Brian Iiyama | Staff Writer

Pan’s Labyrinth is a fantasy classic aimed not at children but adults. It is a tale about the loss of innocence to a cruel world. Spoken in Spanish, the film was written and directed by Guillermo Del Toro (Hellboy, Blade II, The Devil’s Backbone) and it is far and away his best film, if not the best film to have come out in 2006.

Originally, Pan’s Labyrinth had a very limited release after a successful run on the film festival circuit. It only screened in New York and Los Angles in December 2006 but it received so much acclaim that in February 2007 the film was released nation wide for everyone to enjoy.

Taking place in Spain in 1944, we follow Ofelia, a young girl who moves out to the countryside with her mother to live with her new stepfather, and a vicious and brutal tyrant who hunts a band of rebels in the hills above his farm.

Most who see a preview of Pan’s Labyrinth think it’s just another of the once popular Lord of the Rings/Harry Potter fare, but Pan’s Labyrinth is a more mature, much darker and frightening R rated dramatic fantasy. There are images a creature with sagging skin and red eyes set in its palms that kills children, a fantastical variant of the monster that is the stepfather, wonderfully and coldly played by Sergi Lopez from Dirty, Pretty Things.

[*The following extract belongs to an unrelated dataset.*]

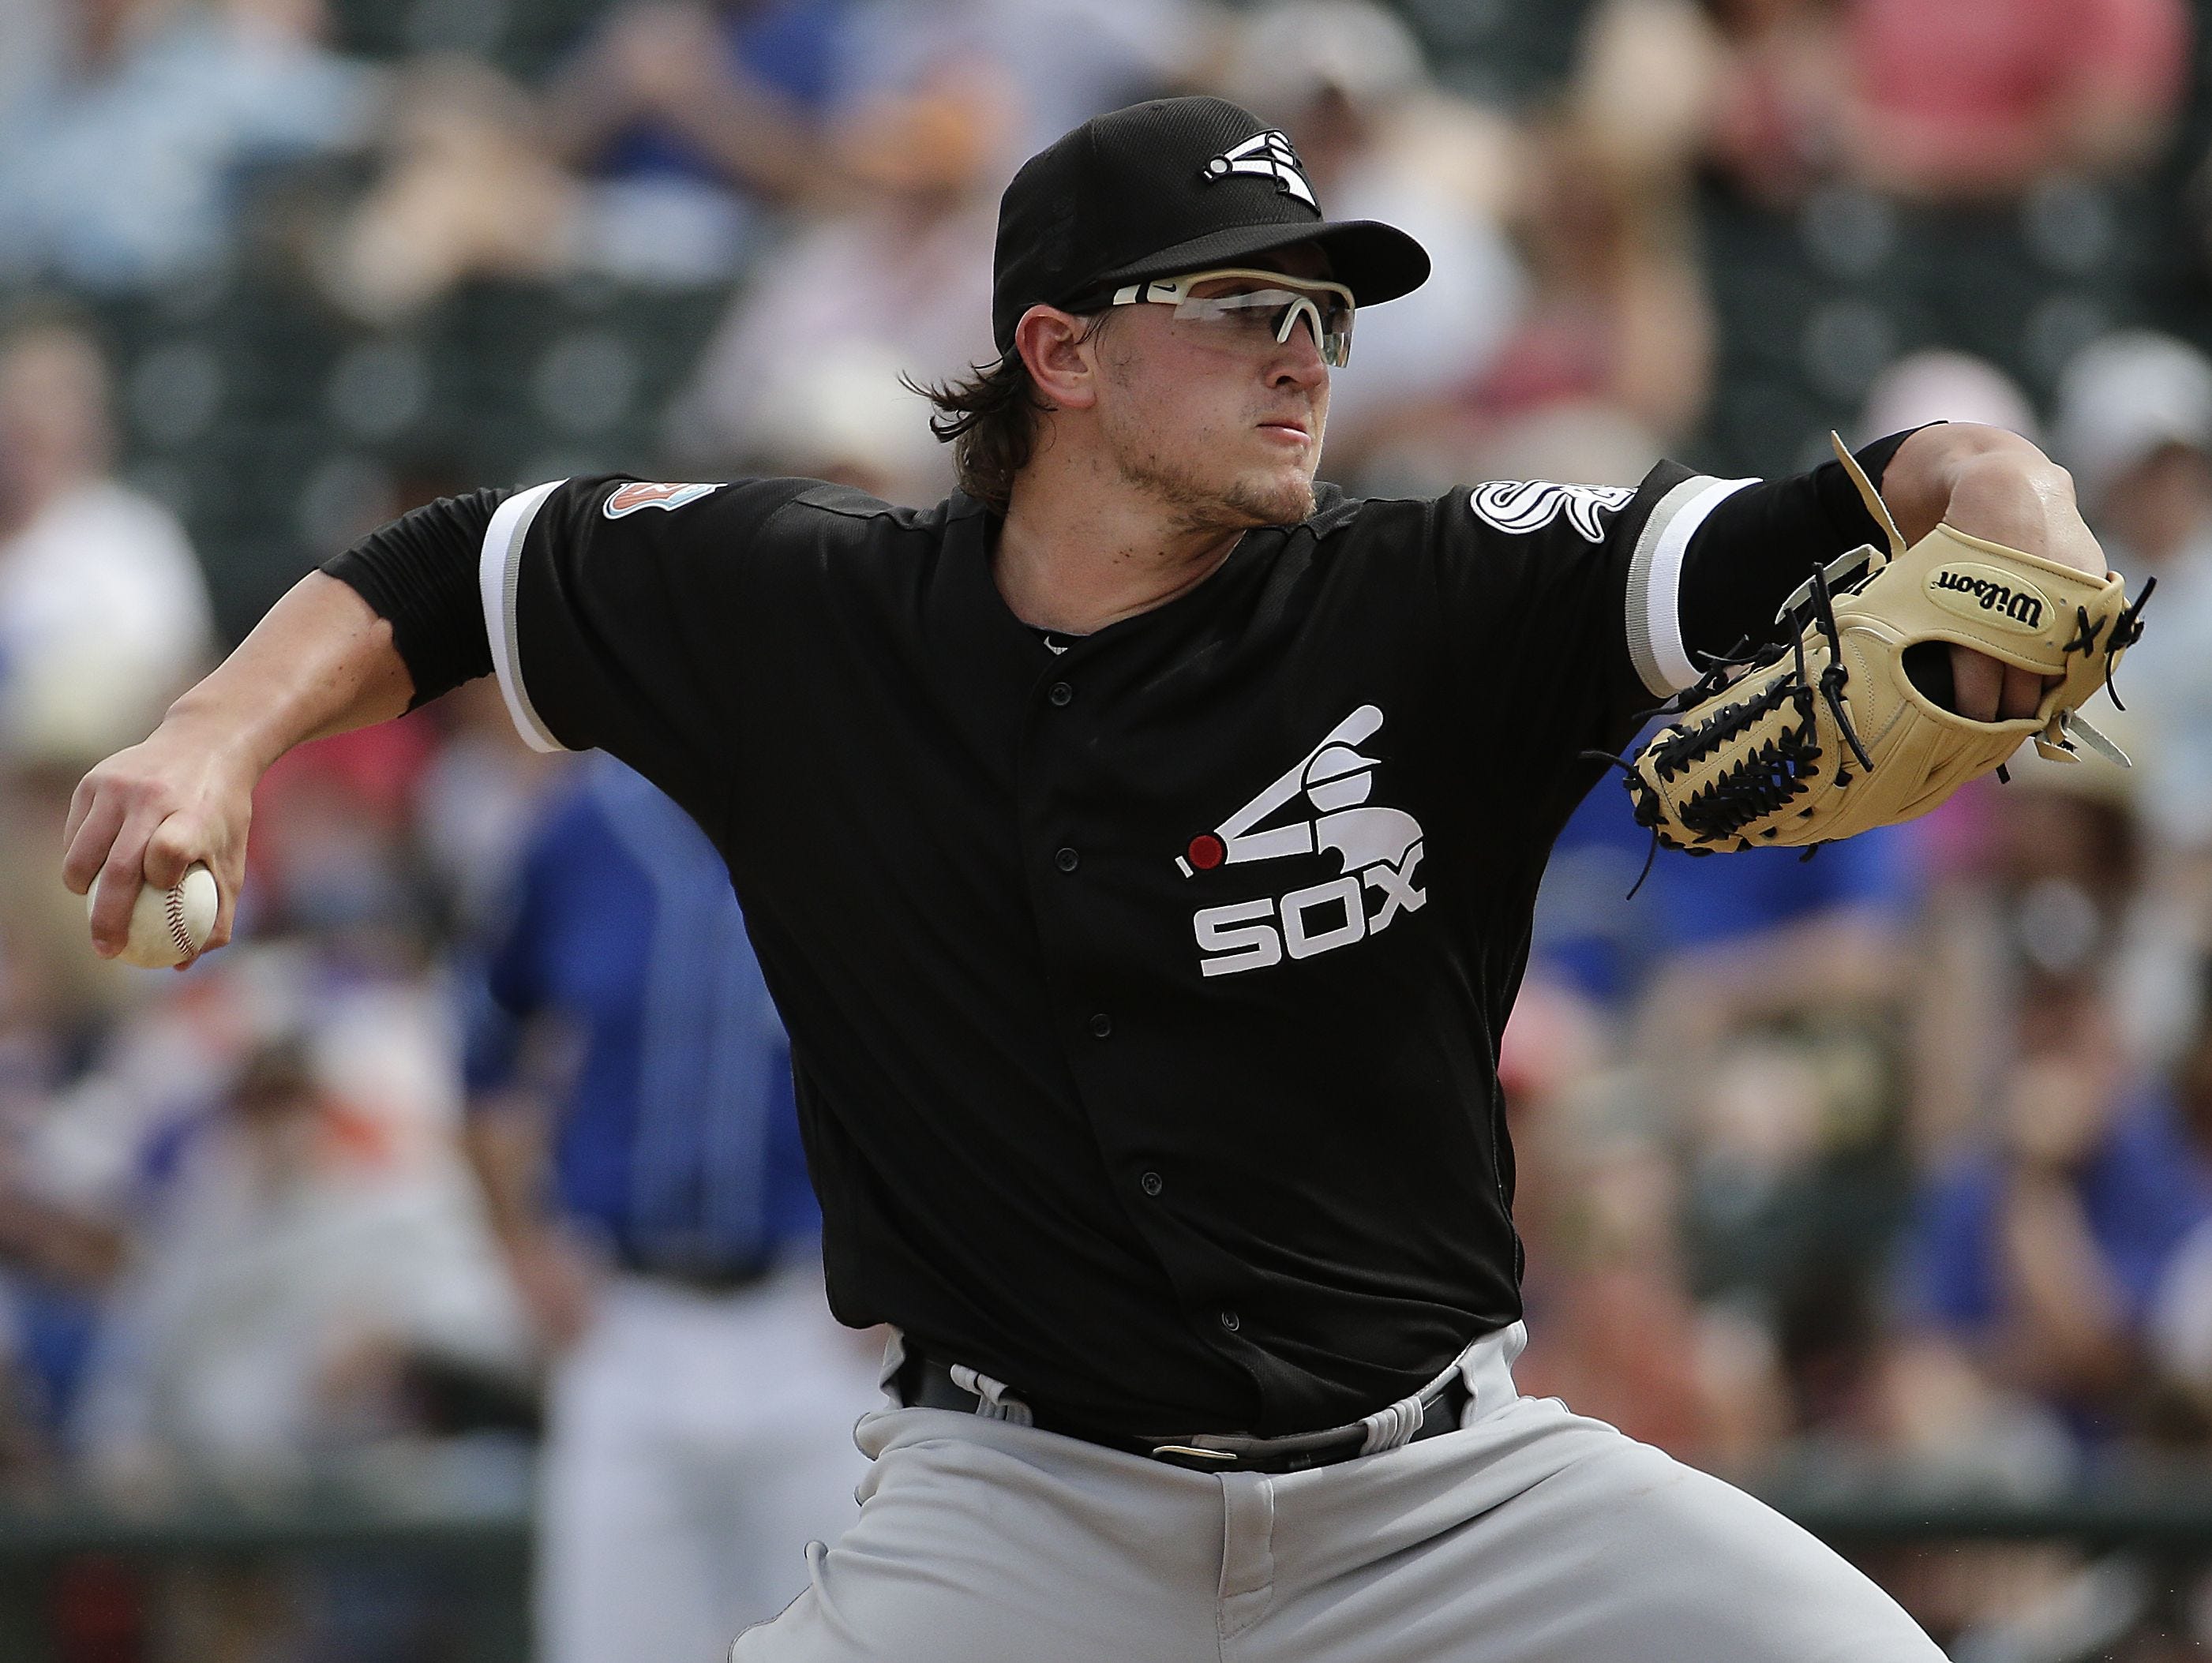 The Chicago White Sox's Carson Fulmer throws during the third inning of a spring training baseball game against the Kansas City Royals on March 5, 2016.
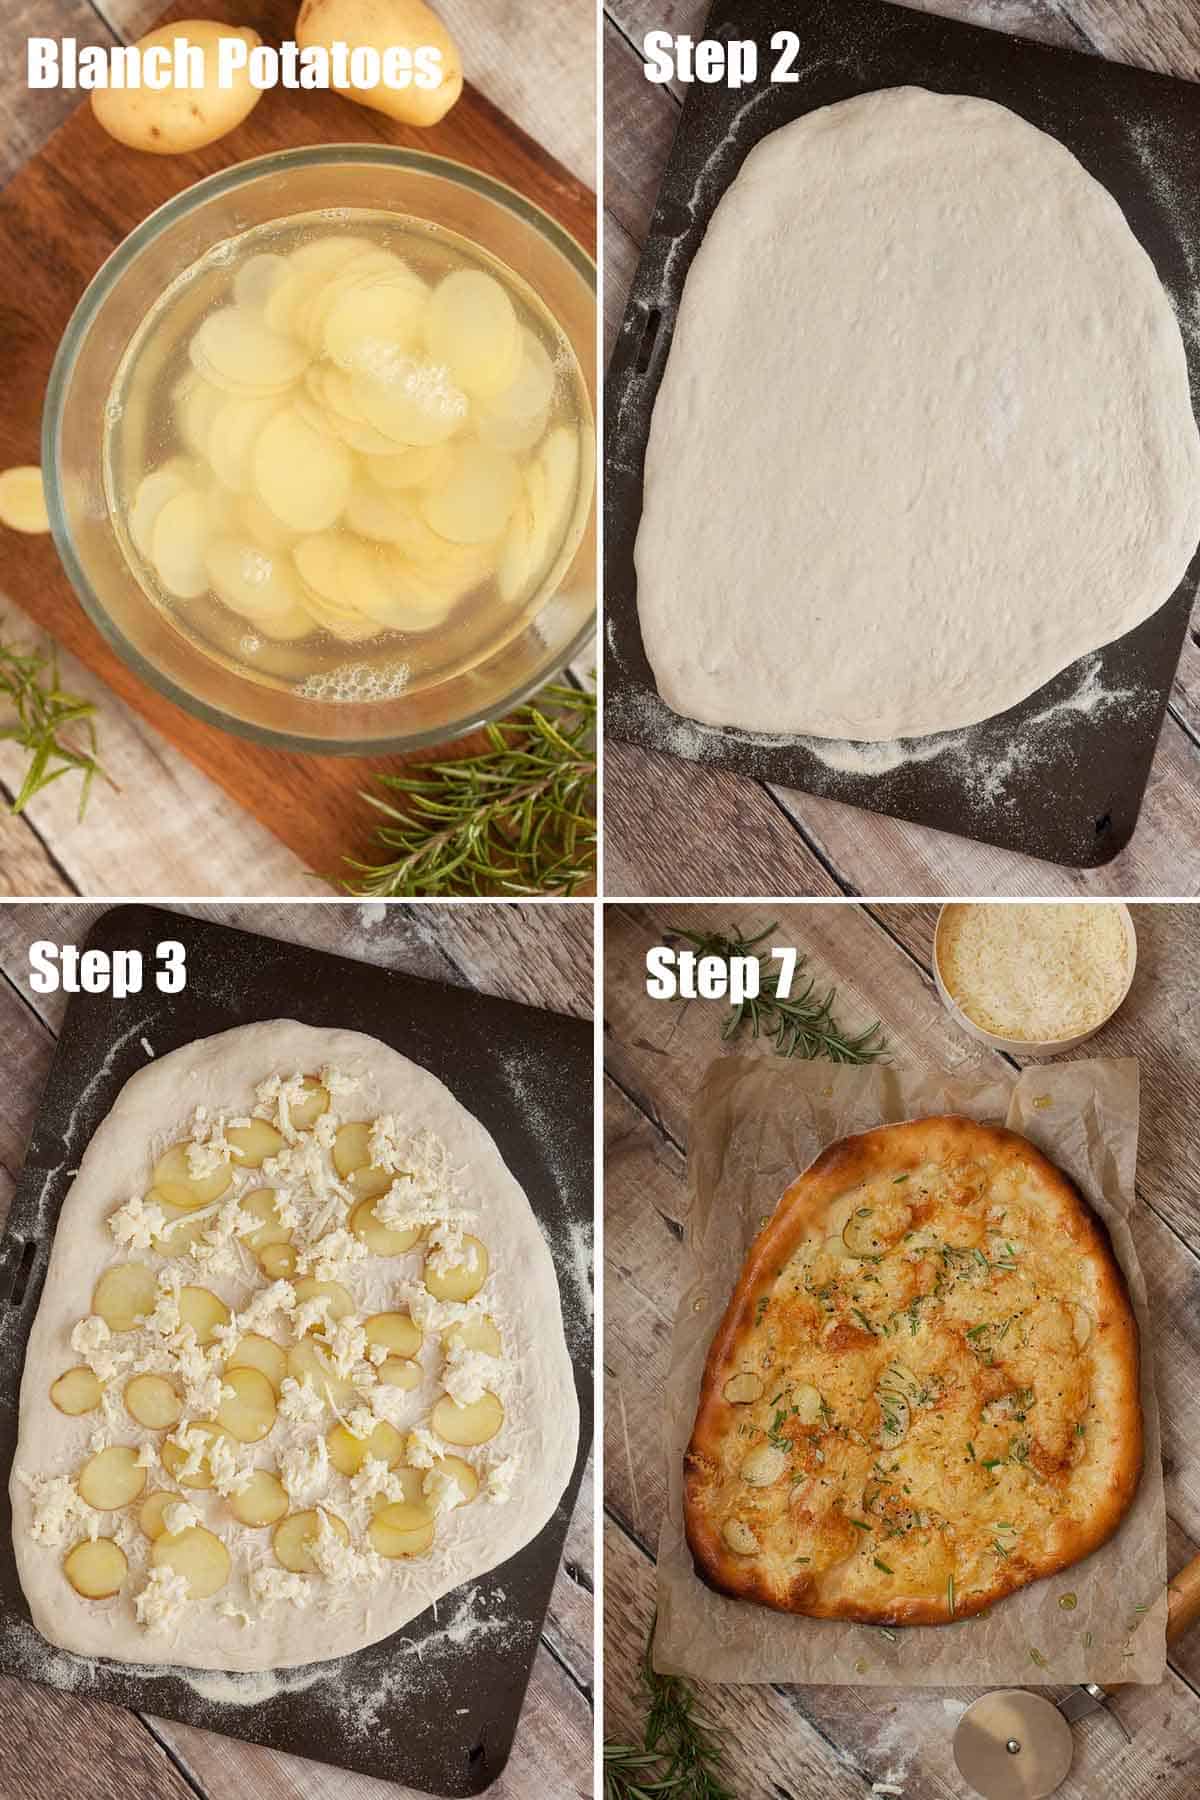 Collage of images showing a white pizza with potatoes being assembled.

The creativity might seem rehashed in some places, like using chalk to draw doors in the walls to surreal places; or blank paged books that draw themselves for a single person. What is so great about Pan’s Labyrinth is the good old-fashioned representation of harsh things drawn with a careful hand. In this case, the death of the child within us is shown as we find that we must depart from out fairy tales to face the real world, though the real world might be so terrible that we find ourselves diving back into fantasy to escape.